Viola Vardanian, made a face. It was a very sour face. “We've come to find out what is going on,” she said. “We have tried to talk to the police officers, and they will not tell us.”

“What police officers did you try to talk to?” Gregor asked.

“We went to the precinct, Krekor,” Mrs. Vardanian said. “What did you think we would do. We went there, and we went to the hospital, and talked to Dr. Halevy. Nobody would tell us anything, because we are not next of kin.”

“I think that's probably the law,” Gregor said.

“They did ask us a lot of questions,” Mrs. Melvarian said. Mrs. Melvarian was the small round one, the one that looked most like an Armenian peasant grandmother. “Dr. Halevy especially asked us. And she expected us to answer.”

“It's been hard to get information,” Gregor said. “There doesn't seem to be anything anywhere to tell us, well, to tell us things. Who her doctor was, for instance.”

“Yes, yes,” Mrs. Vardanian said. “Dr. Halevy asked us the same thing. You should find Sophie's little book and use that. Although I don't think I've ever known her to go to the doctors. She doesn't like doctors.”

“Doctors can be necessary,” Gregor said. “What little book are you talking about?”

“Oh, her niece made it for her when she was in the fifth grade,” Mrs. Edelakian said. It was more like gushing. “When the niece was in the fifth grade, I mean. It's beautiful, it really is. It's got pictures on the cover of it, all these pictures of Sophie and her family. Sophie herself, and Viktor, and Dennis and Marco and their wives, and Clarice, too. Clarice made it in her art class.”

“Clarice is in fifth grade?” Gregor was confused.

Mrs. Vardanian snorted. “Of course she isn't. She's a middle-aged woman now, I would think. But Kara is right. She always used that one. She kept it in the little telephone table in the kitchen.”

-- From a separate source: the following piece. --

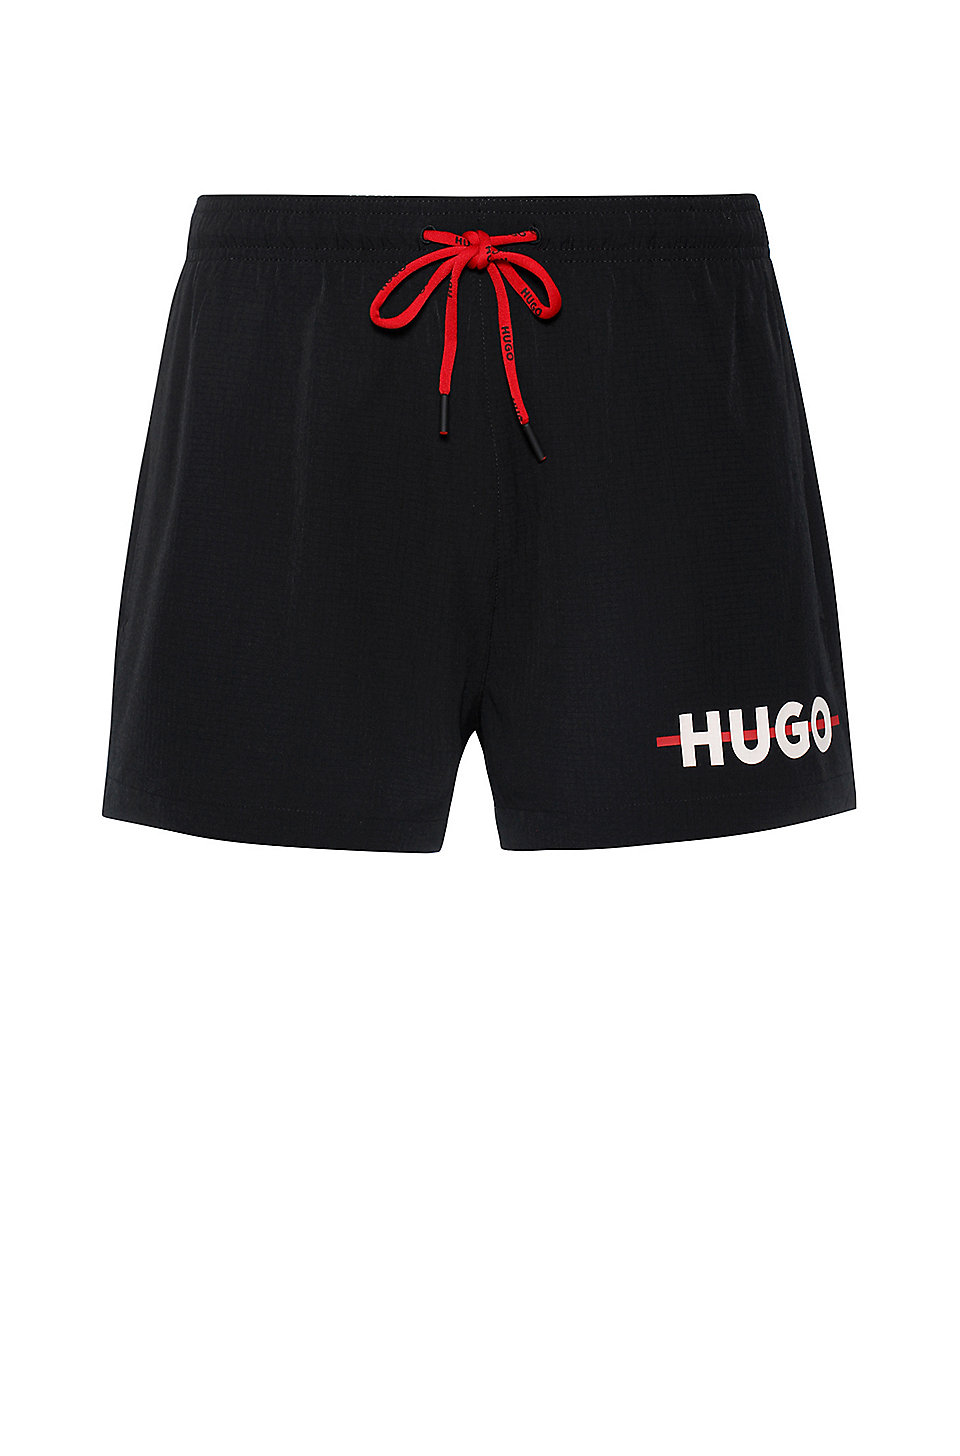 Hugo Boss Mens Long Length Quick Dry Swim Trunks

“I looked in the telephone table,” Gregor said. “I looked in a big cedar chest in the living room. I looked in the night table next to her bed. I spent nearly three hours this morning going through every room in the house, I didn't find any address book, with pictures on it or not. I didn't find much of anything except very old lace and some copies of a magazine in Armenian.”